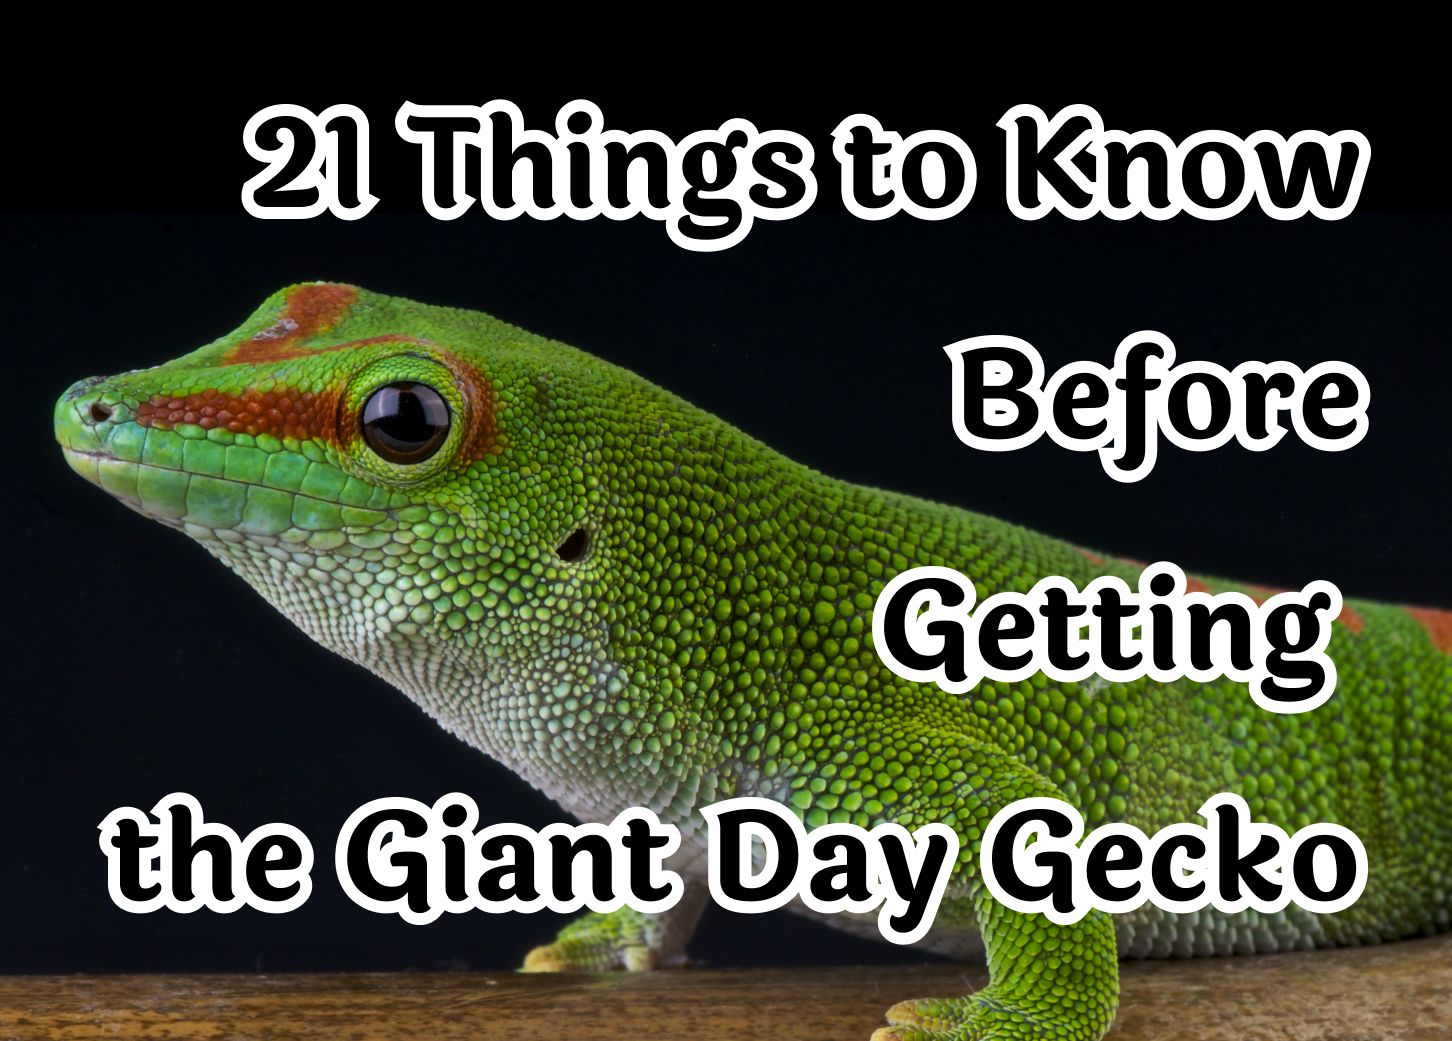 21 Things to Know Before Getting the Giant Day Gecko
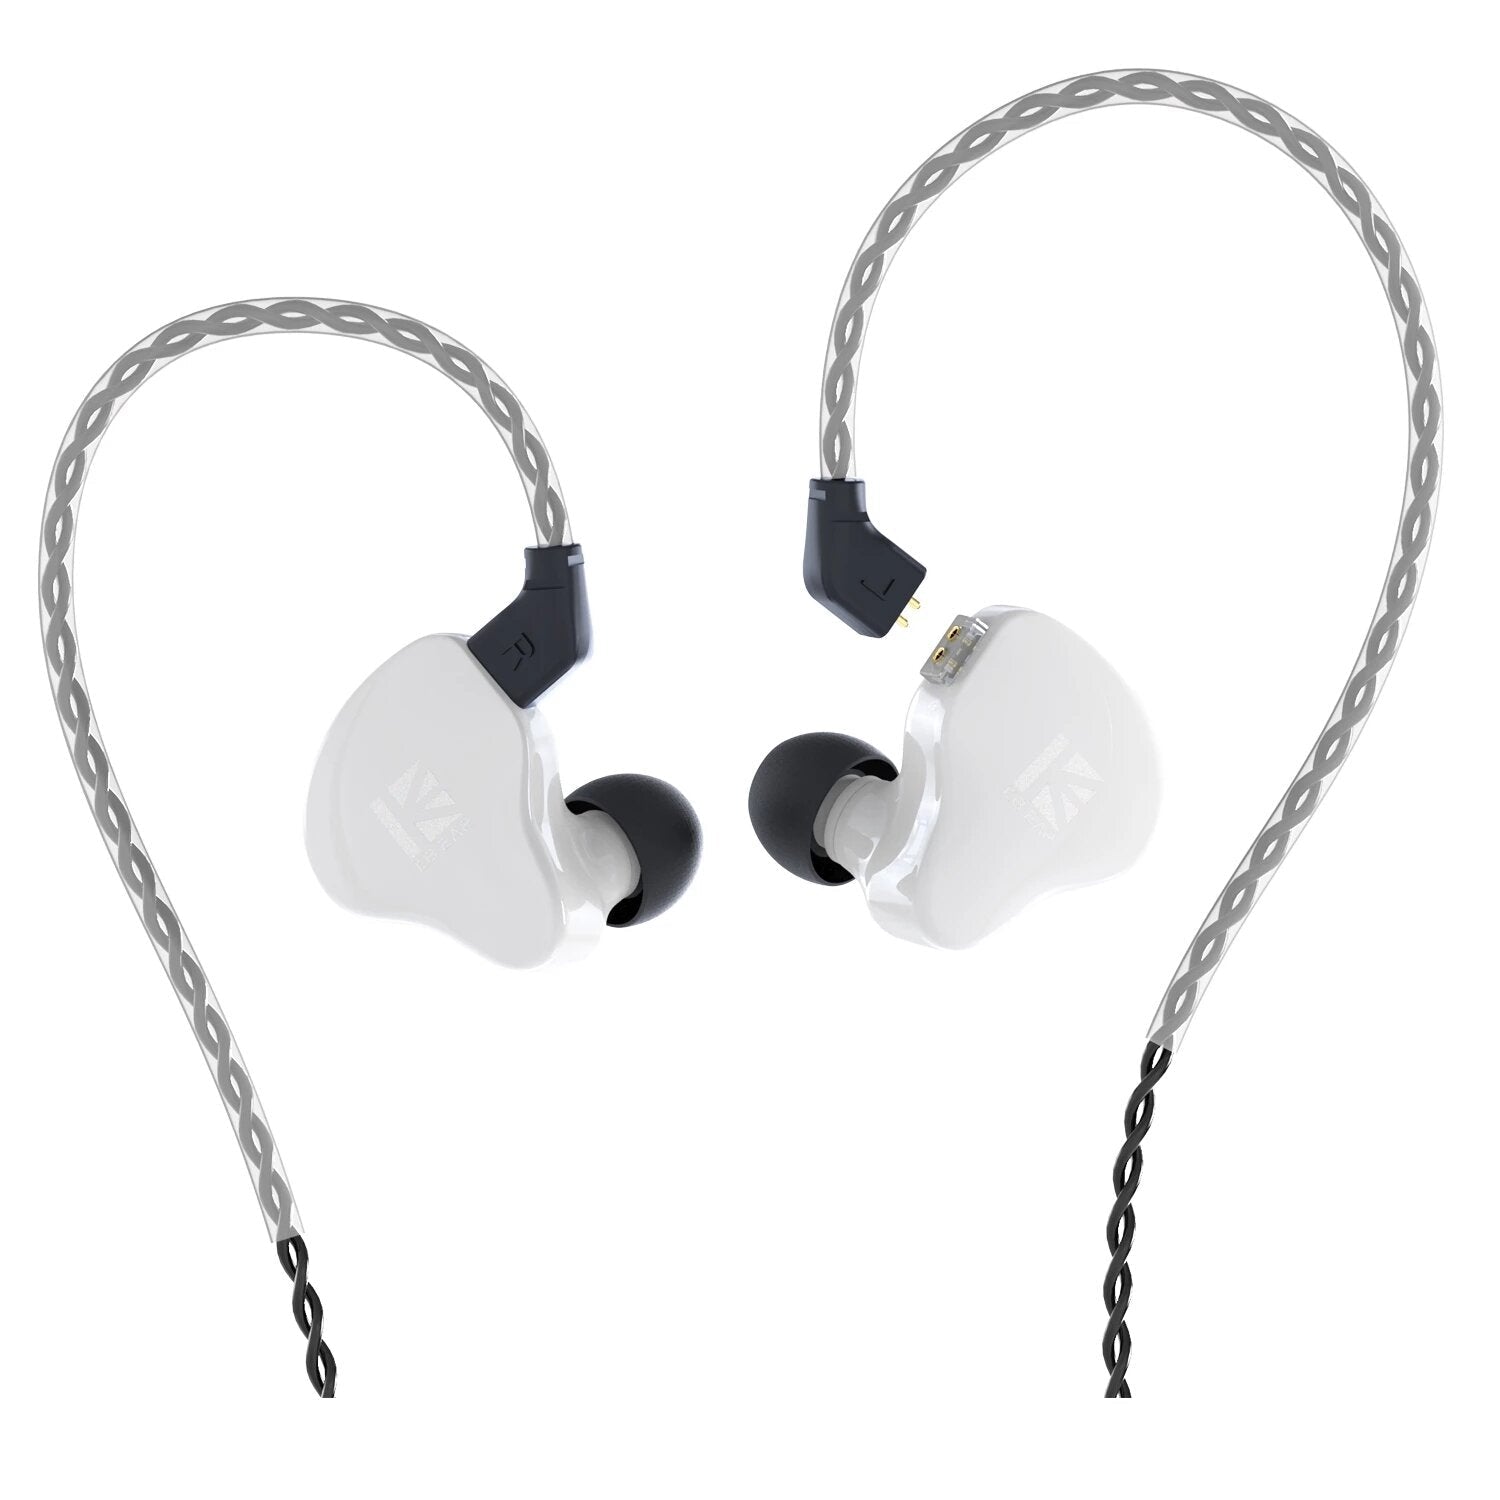 Dual Magnectic Circuit Dynamic In Ear Earphone Running Sport HIFI Wired Headphones With Mic Earbuds Kbear KS2 KB06
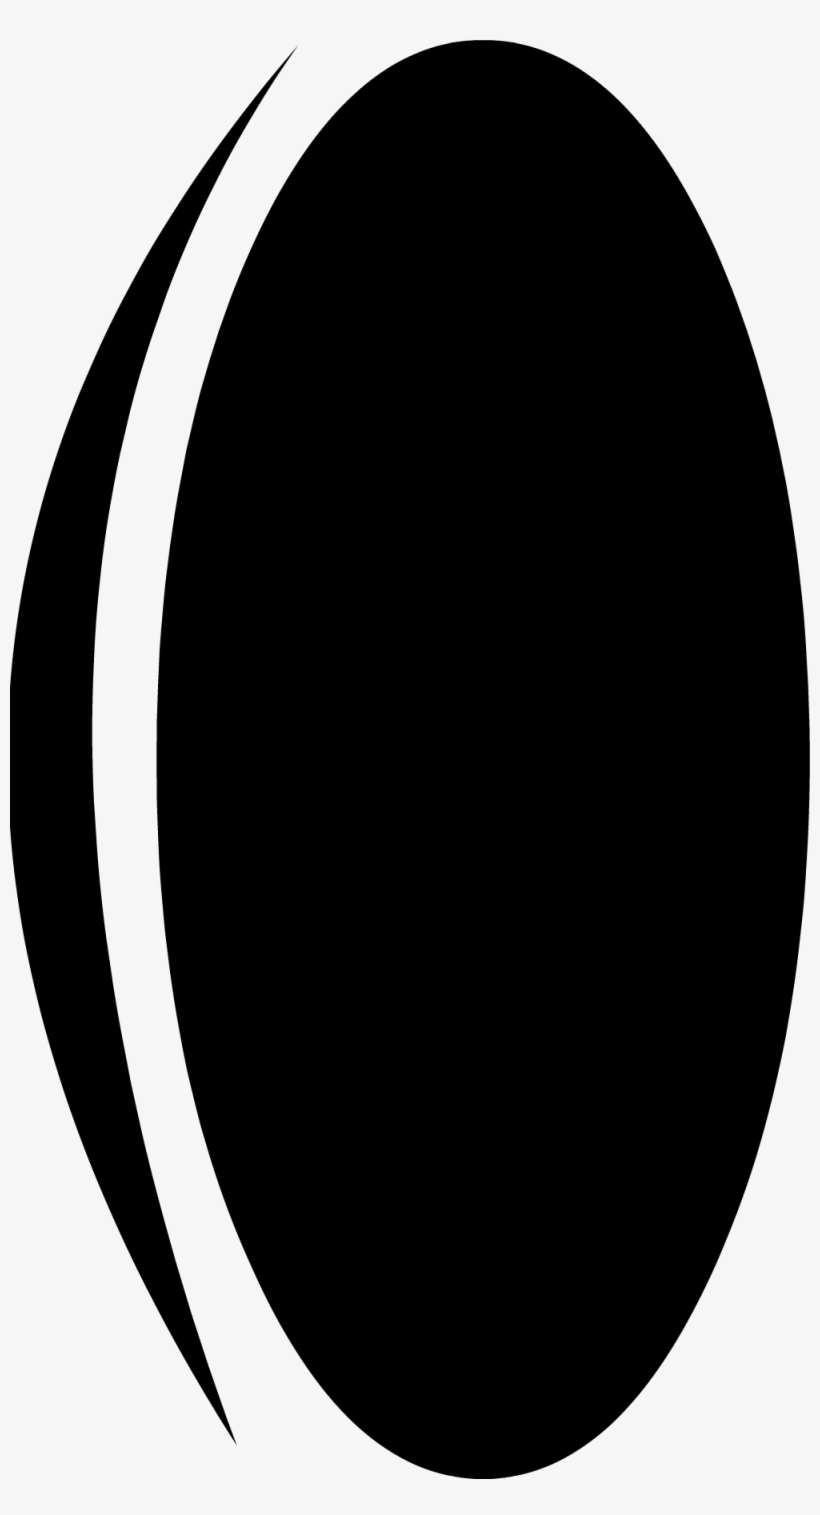 Yellow Eraser Bfdi Scared Eyes - Waning Crescent Clip Art, transparent png #4312509

_Work to be completed_: All of the material above should be copied exactly, minus the pictures.

_Worked solution_:
 21 Things to Know Before Getting the Giant Day Gecko
 Dual Magnectic Circuit Dynamic In Ear Earphone Running Sport HIFI Wired Headphones With Mic Earbuds Kbear KS2 KB06
 Yellow Eraser Bfdi Scared Eyes - Waning Crescent Clip Art, transparent png #4312509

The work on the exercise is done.